No specific antidote is available for T-2 mycotoxin exposure. Provide supportive measures, addressing respiratory and cardiovascular status as necessary. If the patient complains of eye pain or tearing, irrigate the eyes with copious amounts of water.

In all suspected cases involving T-2 mycotoxin exposure, admission to the hospital is warranted. Supportive care should be instituted, with particular attention to the prevention of superinfection. Depending on the time of exposure and the presenting symptoms, serial lymphocyte counts may help identify patients who are immunocompromised.


Required consultants are dictated by the disease course. Pulmonary consultation may be required for severe dyspnea of hemoptysis. A hematologist may be consulted for patients presenting with severe pancytopenia. Contact the local poison control center for additional clinical guidance. Some larger cities' poison control centers may have specific guidelines to follow concerning weapons of mass destruction.

Consult the Federal Bureau of Investigations and Department of Homeland Security in any situation when nuclear, biological, or chemical weapon exposure is suspected.


Physical barrier protection of the skin, mucous membranes, and airway provided by use of HAZMAT suits or chemical protective mask and clothing, such as MOPP (Mission Oriented Protective Posture) gear, are the only effective methods of protection. The Skin Exposure Reduction Paste Against Chemical Warfare Agents (SERPACWA) has been shown to block dermal irritation in animal studies and can be applied at closure points of protective garments as well as to any exposed skin. SERPACWA is approved by the US Food and Drug Administration (FDA) for use in conjunction with MOPP gear to reduce or delay the absorption of chemical warfare agents through the skin when is applied prior to exposure.[2]

Because T-2 toxin is readily found in grains, spices, and herbs and cannot be inactivated with normal sterilizing methods such as ultraviolet, autoclaving, and heat, food supplies must be screened to prevent large outbreaks.[29, 30] Rapid screening assays to detect and measure T-2 toxin include microplate enzyme-linked immunosorbent assays (ELISAs) and immunochromatographic devices, and lateral flow immunoassays.[31]  

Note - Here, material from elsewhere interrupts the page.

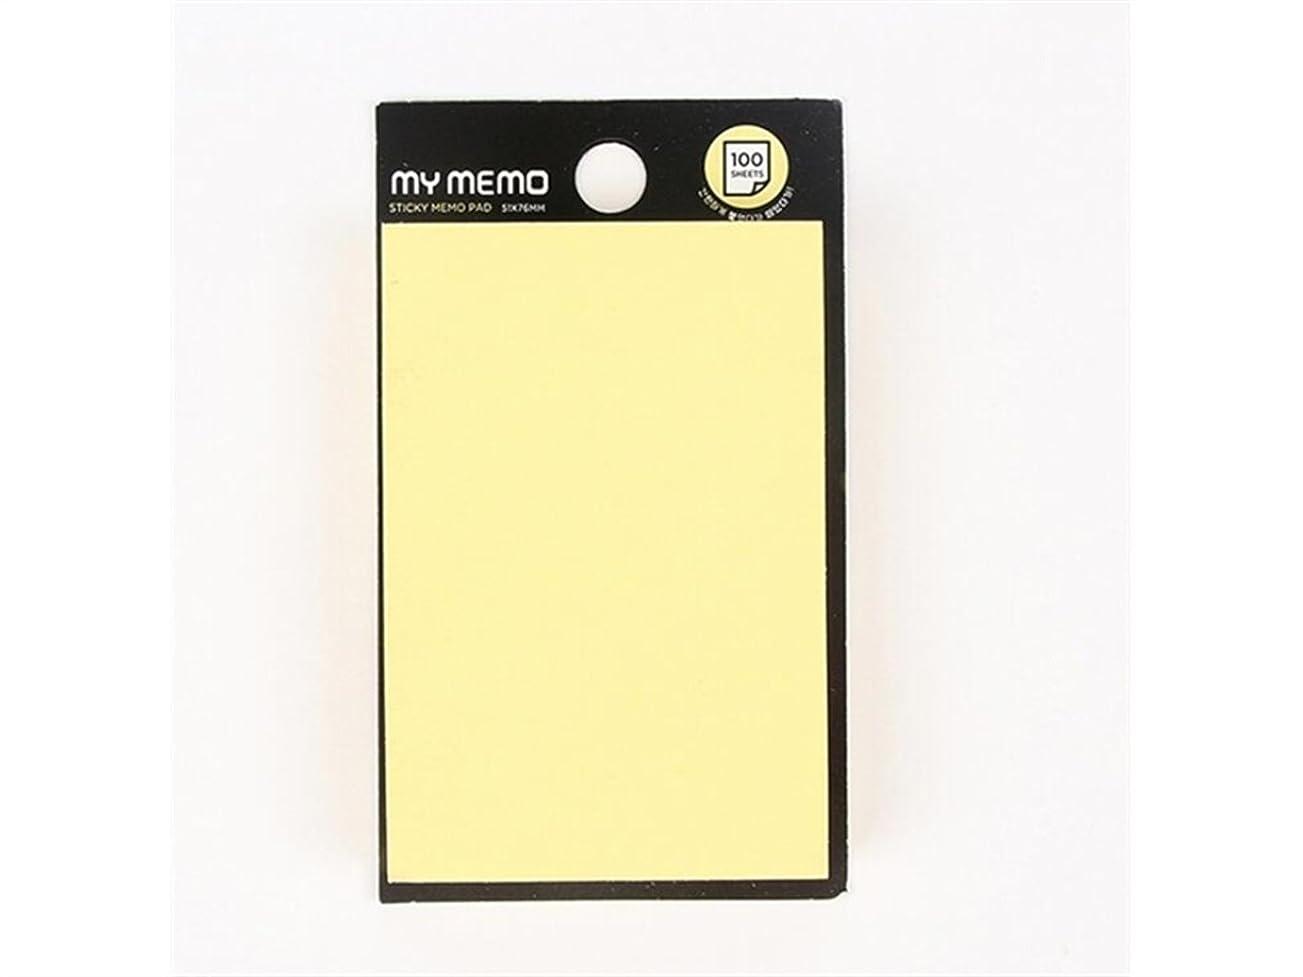 しわブラケット対処FenBuGu-JP 学生教師 分類のためのスクエアスティッキーノートピュアカラーメッセージメモ(イエロー) (色 : Yellow)

Vaccines, monoclonal antibodies, and chemo-protective pre-treatments are being studied in animal models, but are not yet available.[2]



Medication Summary

The use of activated charcoal is advocated to patients who have orally ingested the toxin. Some sources advocate the use of activated charcoal even after inhalational exposure, with the rationale that the toxin that is adherent to the oral mucosa may be bound.[32] While not clinically tested in humans, theoretical use exists for administering colony-stimulating factors to patients presenting with bone marrow suppression.

Antidotes, adsorbent

Class Summary

These agents are used to neutralize toxins.[26]

Activated charcoal (Liqui-Char, Super-Char, Insta-Char, Actidose)

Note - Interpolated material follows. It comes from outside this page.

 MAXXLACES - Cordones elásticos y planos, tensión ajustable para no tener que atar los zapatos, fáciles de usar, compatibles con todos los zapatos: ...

Believed to adsorb ingested toxin, thereby preventing absorption and removing toxin from the GI tract, preventing further cellular damage.

Granulocyte-stimulating factors

Class Summary

These agents are used to correct severe neutropenia.

Filgrastim (Neupogen)

Granulocyte colony-stimulating factor that activates and stimulates production, maturation, migration, and cytotoxicity of neutrophils. Although not demonstrated or indicated for use in T-2 mycotoxin exposure, may be theoretical use for granulocyte-stimulating factors for patients presenting with severe neutropenia; in this setting, conduct use with hematology consultation.